DigiconAsia: Looking ahead, what can organizations do more with data to thrive in the digital economy?

Jordan: For starters, continually find ways to leverage data-driven solutions like AI or machine learning to automate tasks within your organization. This will not only help streamline operations but also direct employee focus to more meaningful and challenging work that can spur business growth.

Next, regularly assess the value of your data. As data ages, its value can wane. Organizations should take advantage of the vast amounts of available data and identify opportunities to access new data to increase business value. When in doubt, always go back to your data roadmap to see the data you require to help you achieve your goals.

Above all, organizations trying to modernize their approach to data and analytics should understand that technology is not their biggest hurdle, but change management, culture, and leadership.
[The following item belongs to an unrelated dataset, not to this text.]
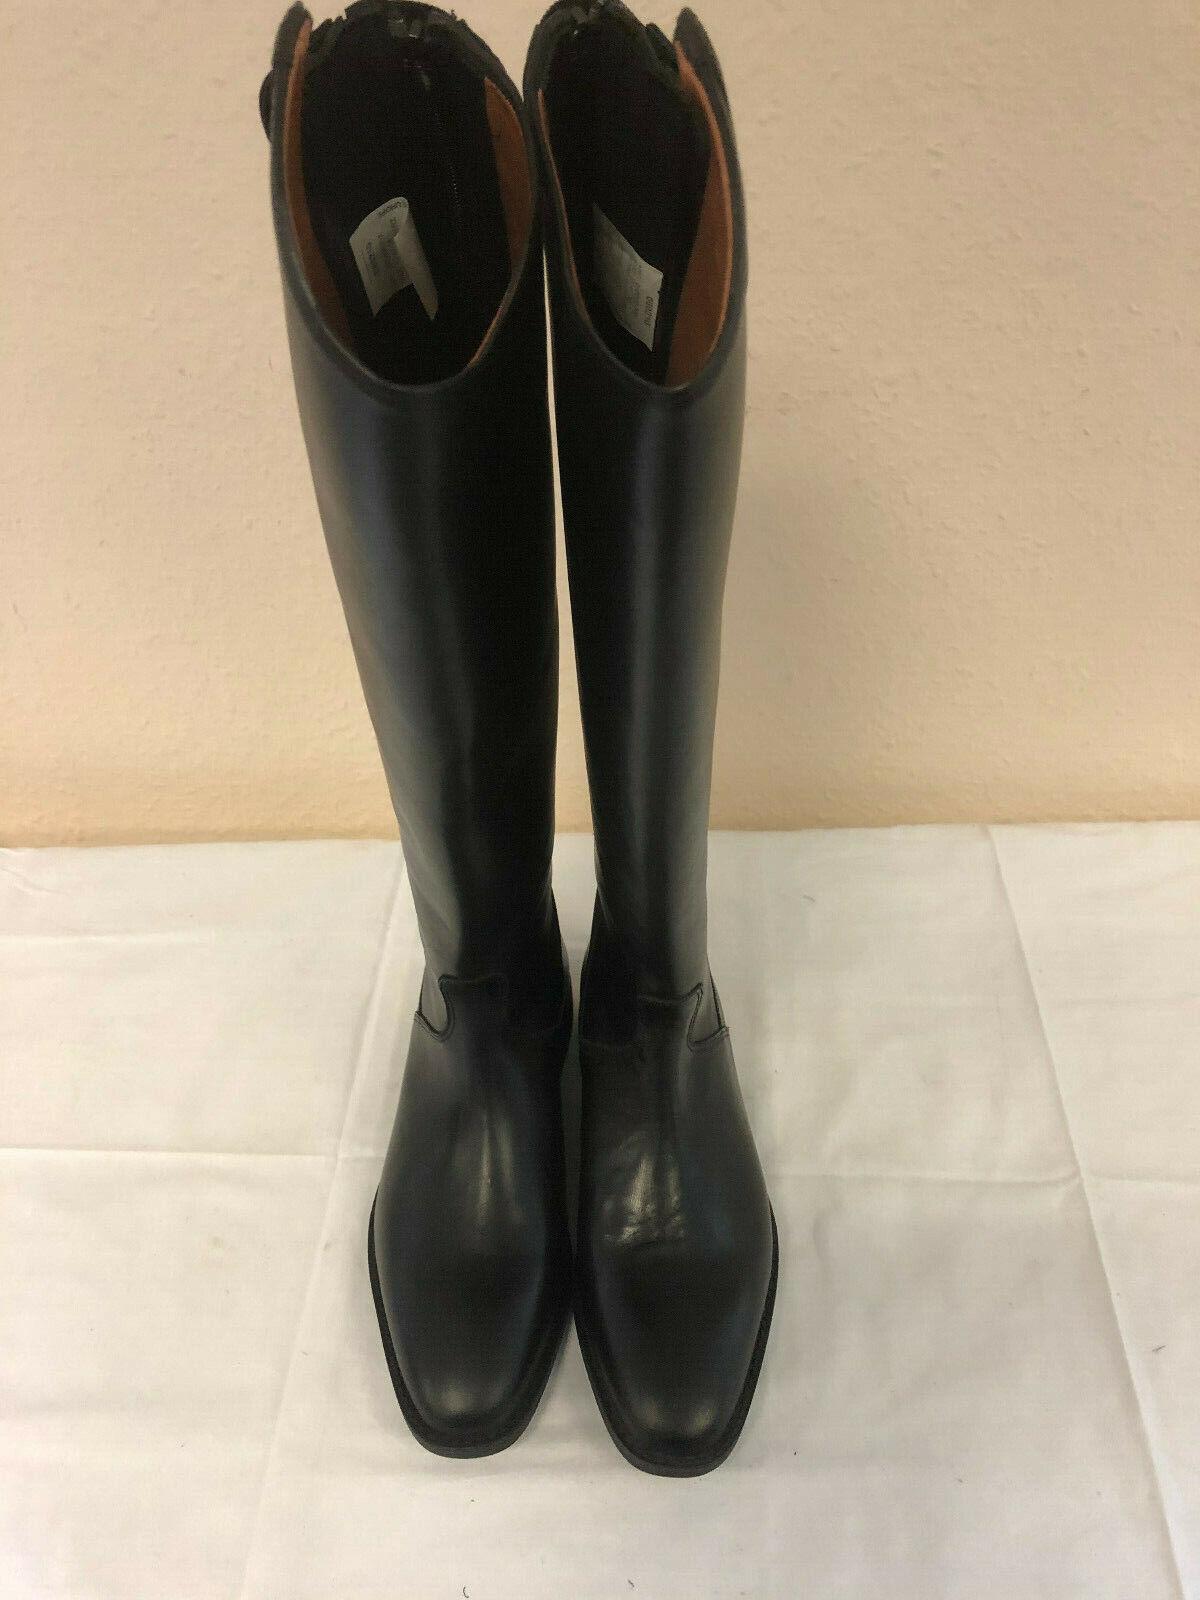 Cavallo reitbotas botas Summer, negro, talla 38 h48 w41

Leaders need to understand that data and analytics are there to help empower and enable, but this only works if their employees are comfortable with it.

Not everyone needs to turn into a data scientist, we just need to empower them to have confidence with data. If leaders can adopt this mindset, I am confident that they will be able to execute a successful data literacy strategy to empower employees with the right data capabilities to make smarter decisions and optimize performance to help their organization thrive.